Thanks Alejo. Please keep it coming, we don't yet have enough information to identify where we should further look at.
The consensus <> execution bug is interesting do you also have the lighthouse logs?
thanks for looking into this, yes I'll keep sending as I unearth new info. I don't have access rn but will share more later.
this is the error message I got from prysm (it doesn't crash, but just doesn't sync):
ERROR execution: Got a validation error in newPayload error=mismatched block state root: got 0xd3d609b5f2fd0910dd275537799ca8d3f47a32ec136a191aa32c56dd43833512, expected 0x7da550c658bd3cac17918db97e0c5231e39fa5f2991ddfb5f889431955ece45b
ok, here are debug logs from prysm.
there's a "Could not validate finalized root" in there, and also the error I shared above. I reported to the prysm team in case this came from their end but they pointed me back to reth :)
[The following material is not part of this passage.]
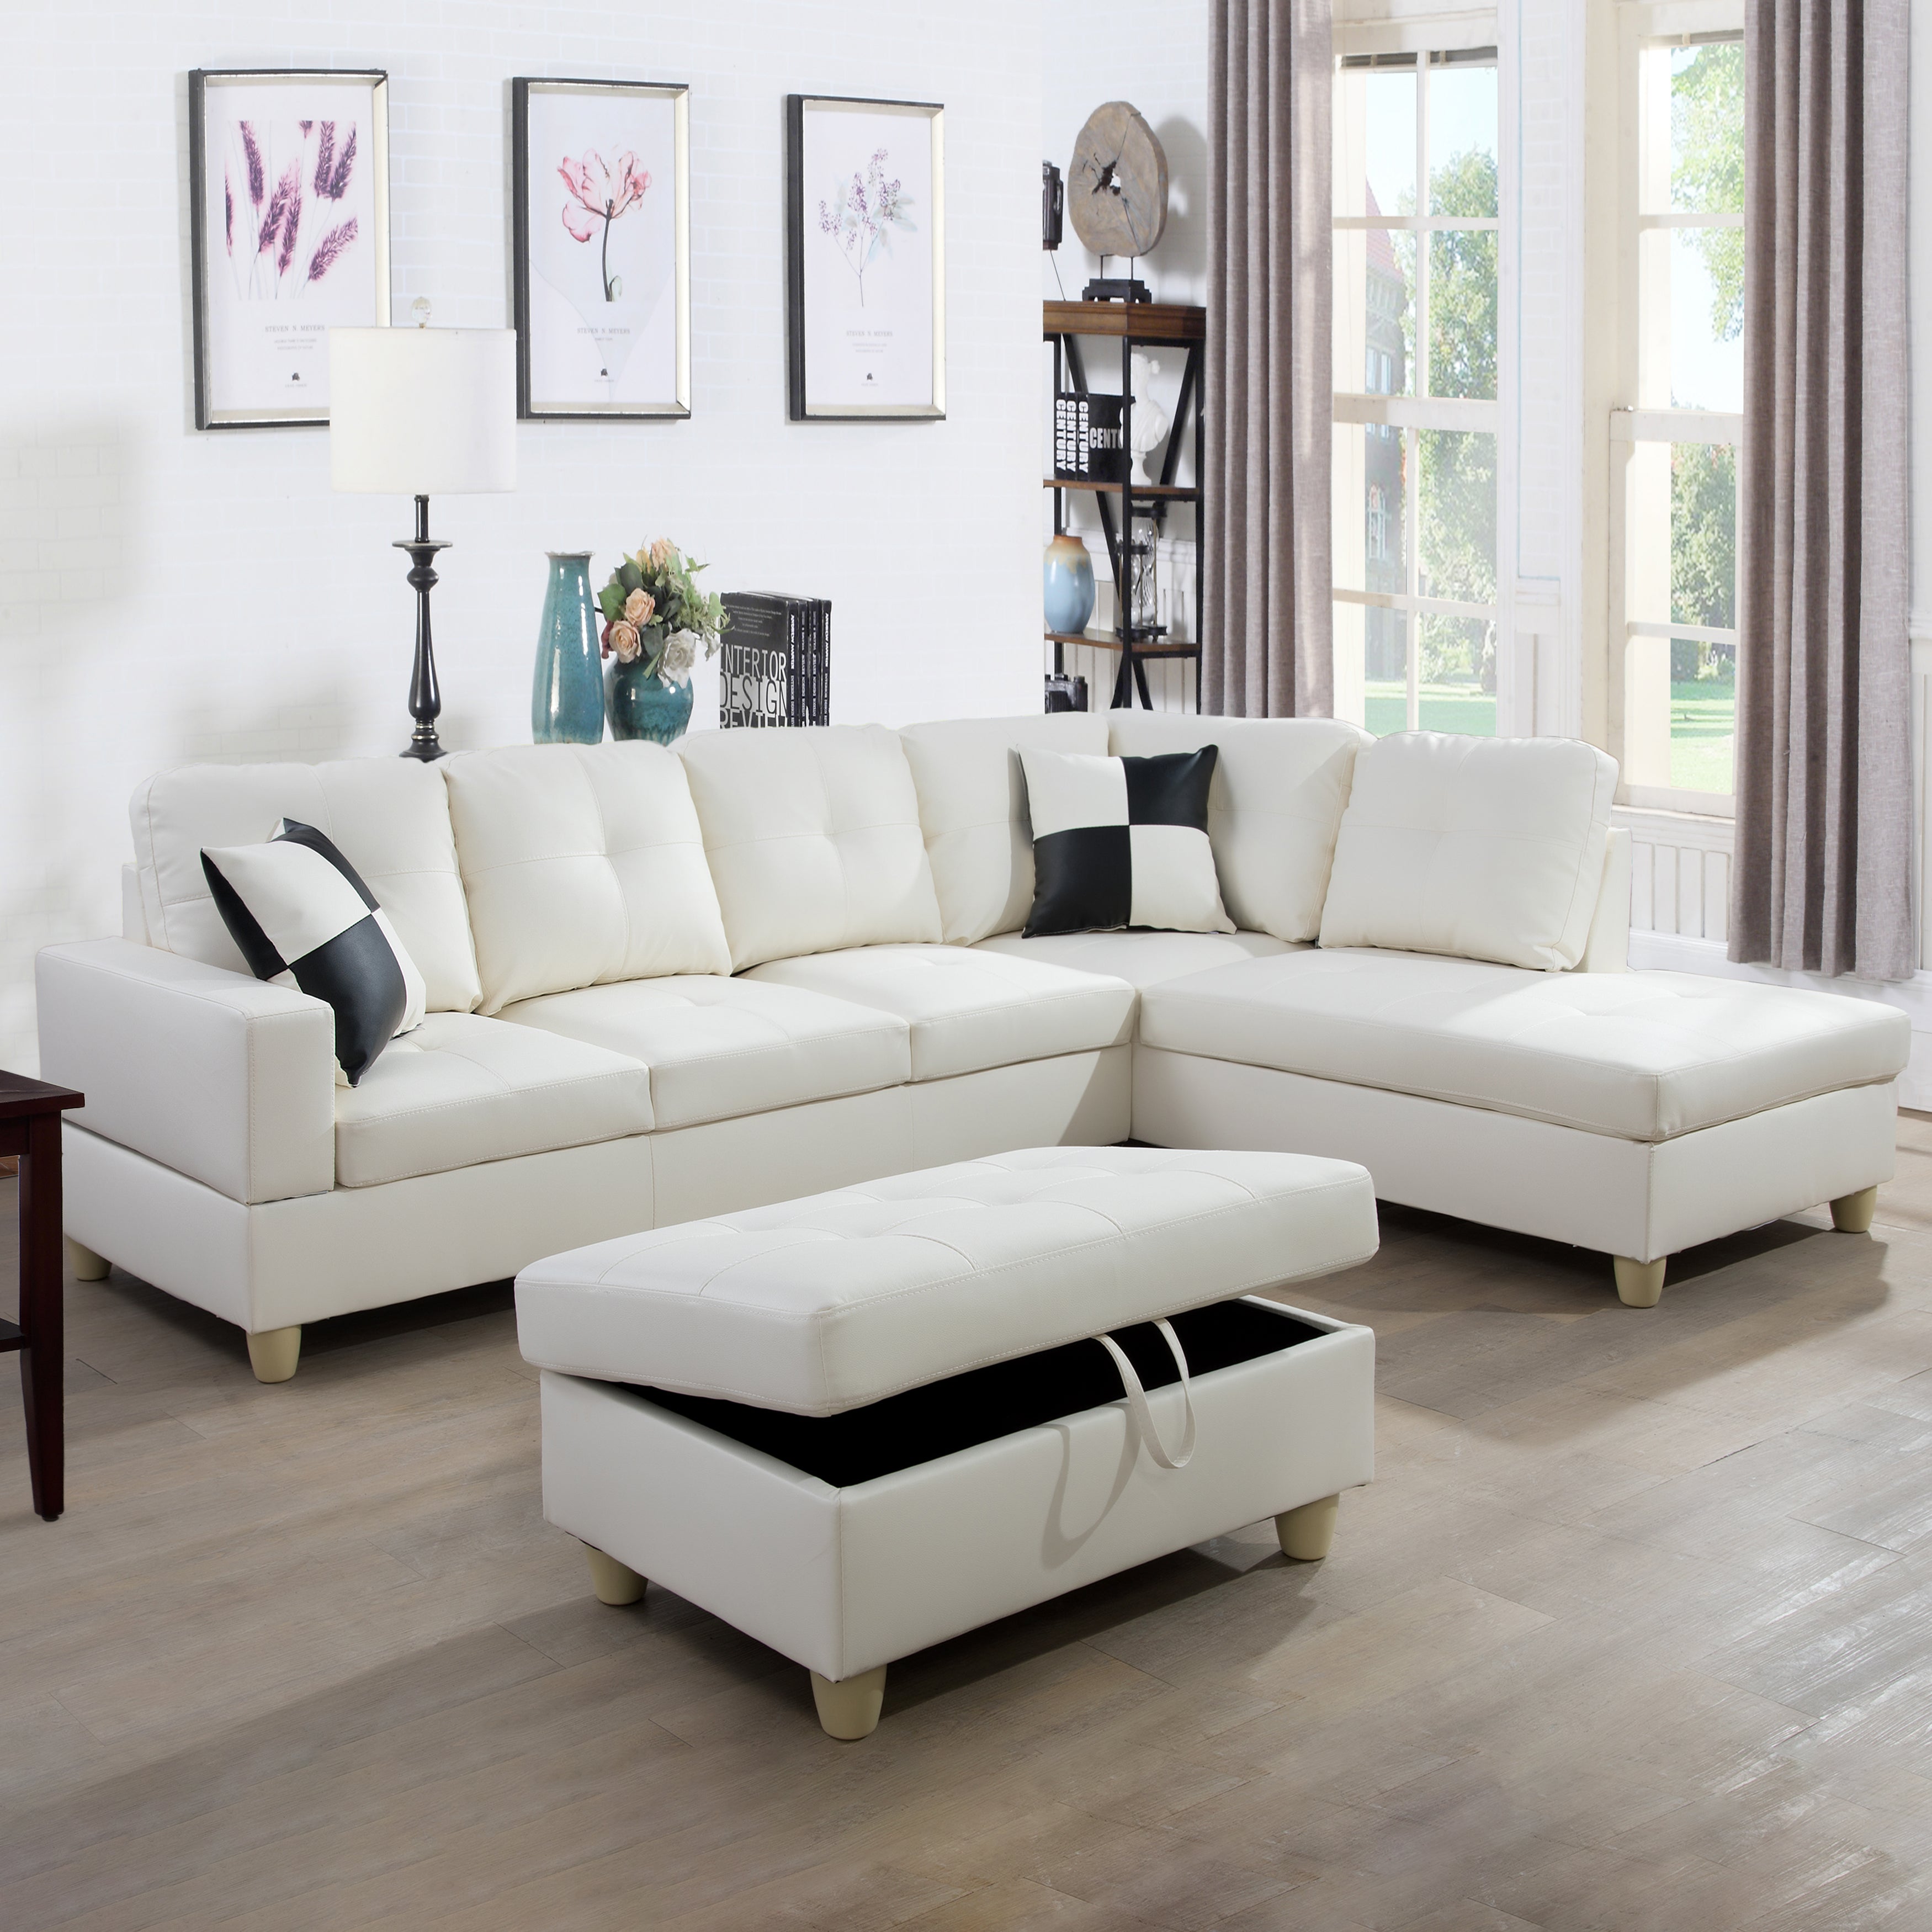 Ainehome White Faux Leather 3-Piece Couch Living Room Sofa Set

ok, just finished resyncing reth from scratch, now seems to be working properly. I'll close this for now.
updated to alpha.21, reth crashes upon running, reopening this issue but not sure it's the same thing.
ok I reverted to alpha.13, ran it until it resynced, went back to alpha.21 and now it seems to be running alright. not sure if/how the reversion worked, but I tried running alpha.21 several times and it always crashed :/
We seems run with the same issue with same deployment, reth + prysm, after we upgraded prysm for decun upgrade.
Looks like prysm is sending a query which triggers the crash of reth, we just flushed prsym state and run it from scratch after restart of reth, and seems it is working properly now
This should no longer be happening. Given we have beta.1 out can we get you guys to switch over to that and confirm if the issue happens still?
This should no longer be happening. Given we have beta.1 out can we get you guys to switch over to that and confirm if the issue happens still?
I have uploaded the stacktrace here https://drive.google.com/file/d/10u1B9gZOSMnxzmQmhmLBgE2Um322DO4u/view?usp=drive_link
we are syncing another node with beta build now, but given the time to sync and size of the storage it costs it is really not that we can just spin a new one to see whether we can reproduce it at will
@gakonst we are running into this reth beta 2, this is triggered by simply restart prysm
This issue is stale because it has been open for 21 days with no activity.
This issue was closed because it has been inactive for 7 days since being marked as stale.